The membrane of colonic smooth muscle cells contains a variety of ion channels, including several types of potassium channels, calcium channels, chloride channels, and nonselective cation channels.² Although the exact physiologic roles of many of these ion channels are unknown, the high-threshold, voltage-operated calcium channels (l-type calcium channels) do play a crucial role in colonic muscle contractility. These channels open when the membrane potential of smooth muscle cells is depolarized beyond a voltage threshold, and they are responsible for the rapid upstroke of smooth muscle action potentials. The influx of calcium through l-type calcium channels during action potentials is a major trigger for activation of the contractile apparatus. It is not surprising that pharmacologic blockade of l-type calcium channels by dihydropyridine drugs such as nifedipine can reduce the contractility of colonic smooth muscle substantially. Release of calcium from intracellular stores, which is triggered by excitatory neurotransmitters, also may play a role in muscle contraction.

INTERSTITIAL CELLS OF CAJAL

Since 1991, the interstitial cells of Cajal (ICC) have been shown to play at least two important roles in the control of gastrointestinal motility: control of myogenic activity and mediating or amplifying the effects of motor neurons on the smooth muscle apparatus. ICC are non-neuronal in origin and are derived from common progenitors of smooth muscle cells. Mutant mice and rats that are deficient in ICC have profoundly disturbed intestinal motility, an observation that provides insight into the roles of ICC in the human gastrointestinal tract.

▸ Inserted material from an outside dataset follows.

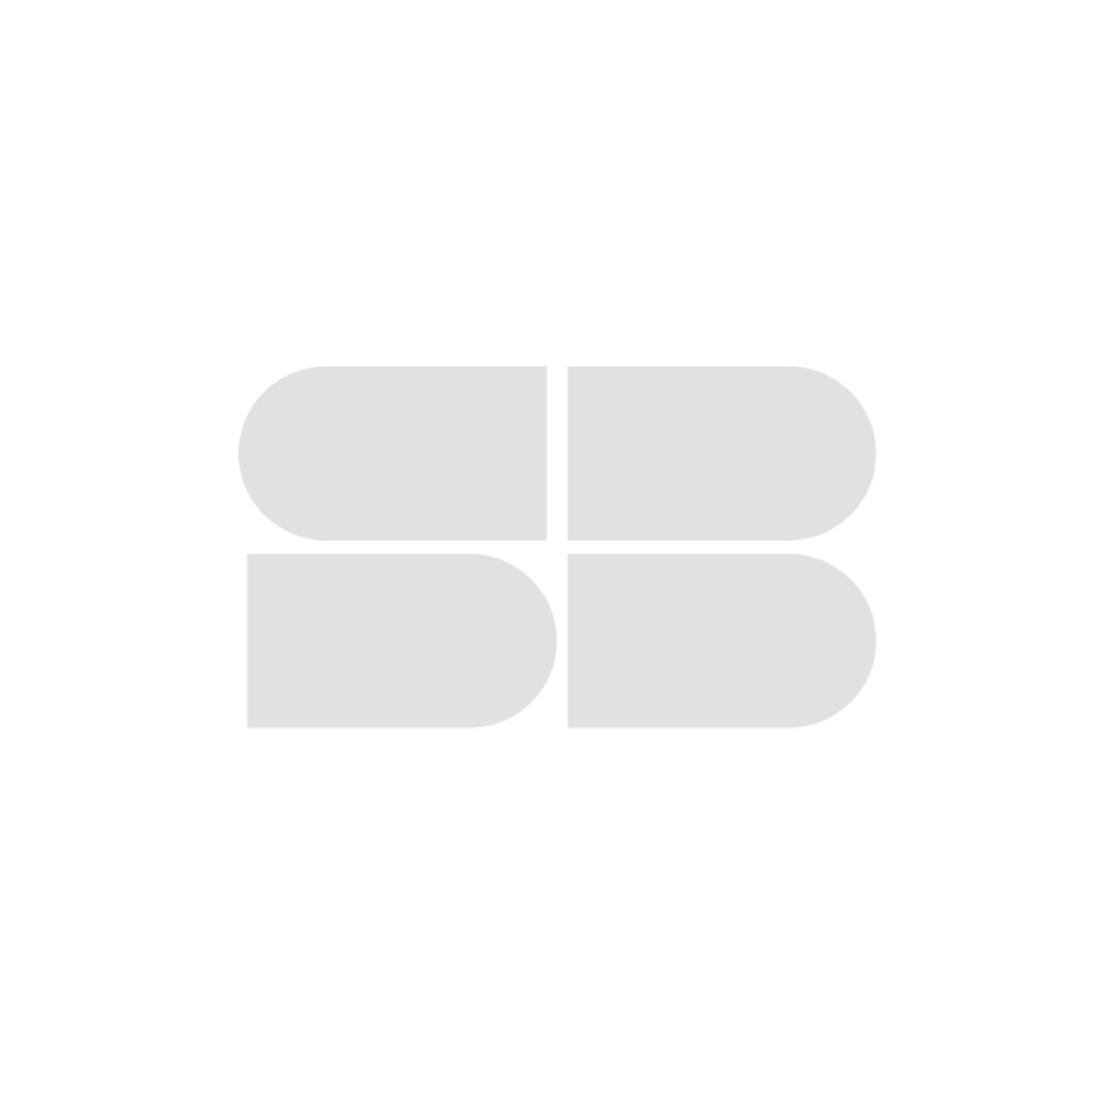 เก้าอี้ทานอาหาร เก้าอี้ไม้เบาะผ้า รุ่น Moonie สีสีดำ-SB Design Square
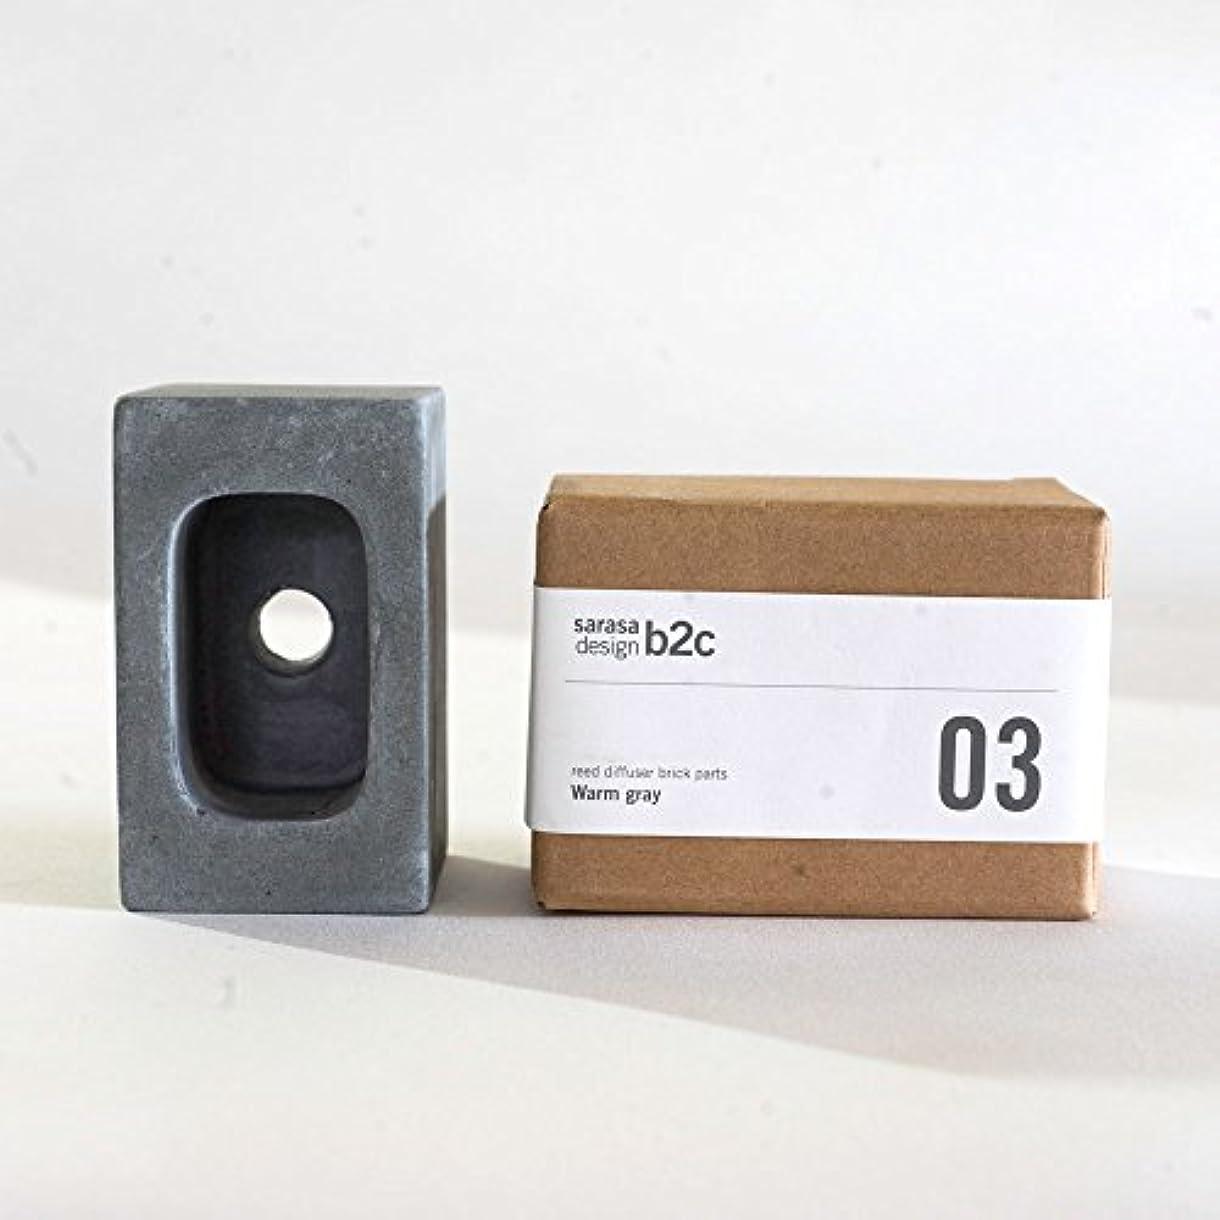 アウトドアそのヤングar003cgy/パーツ販売・b2c ブリック用 コンクリートパーツ(スクエア)《チャコールグレー》  芳香剤 ルームフレグランス リードディフューザー アロマ ディフューザー

In the human colon, three types of ICC are recognized and are named according to their locations: ICC in the plane of the myenteric plexus (ICC_MY), ICC near the submucosal plexus (ICC_SM), and intramuscular ICC located between the circular and the longitudinal muscle layers (ICC_IM). ICC_MY and ICC_SM form extensive networks along the colon and are electrically coupled to one another and to the smooth muscle layers by gap junctions (Figs. 98-1 and 98-2). ICC_MY probably are the pacemakers for the small, rapid (12-20/min) oscillations in membrane potential (MPOs) of longitudinal and circular smooth muscle layers. ICC_SM are the pacemakers for the large-amplitude slow waves (2-4/min) originating in the plane of the submucosal plexus; these slow waves have a powerful influence on the patterning of circular muscle contraction.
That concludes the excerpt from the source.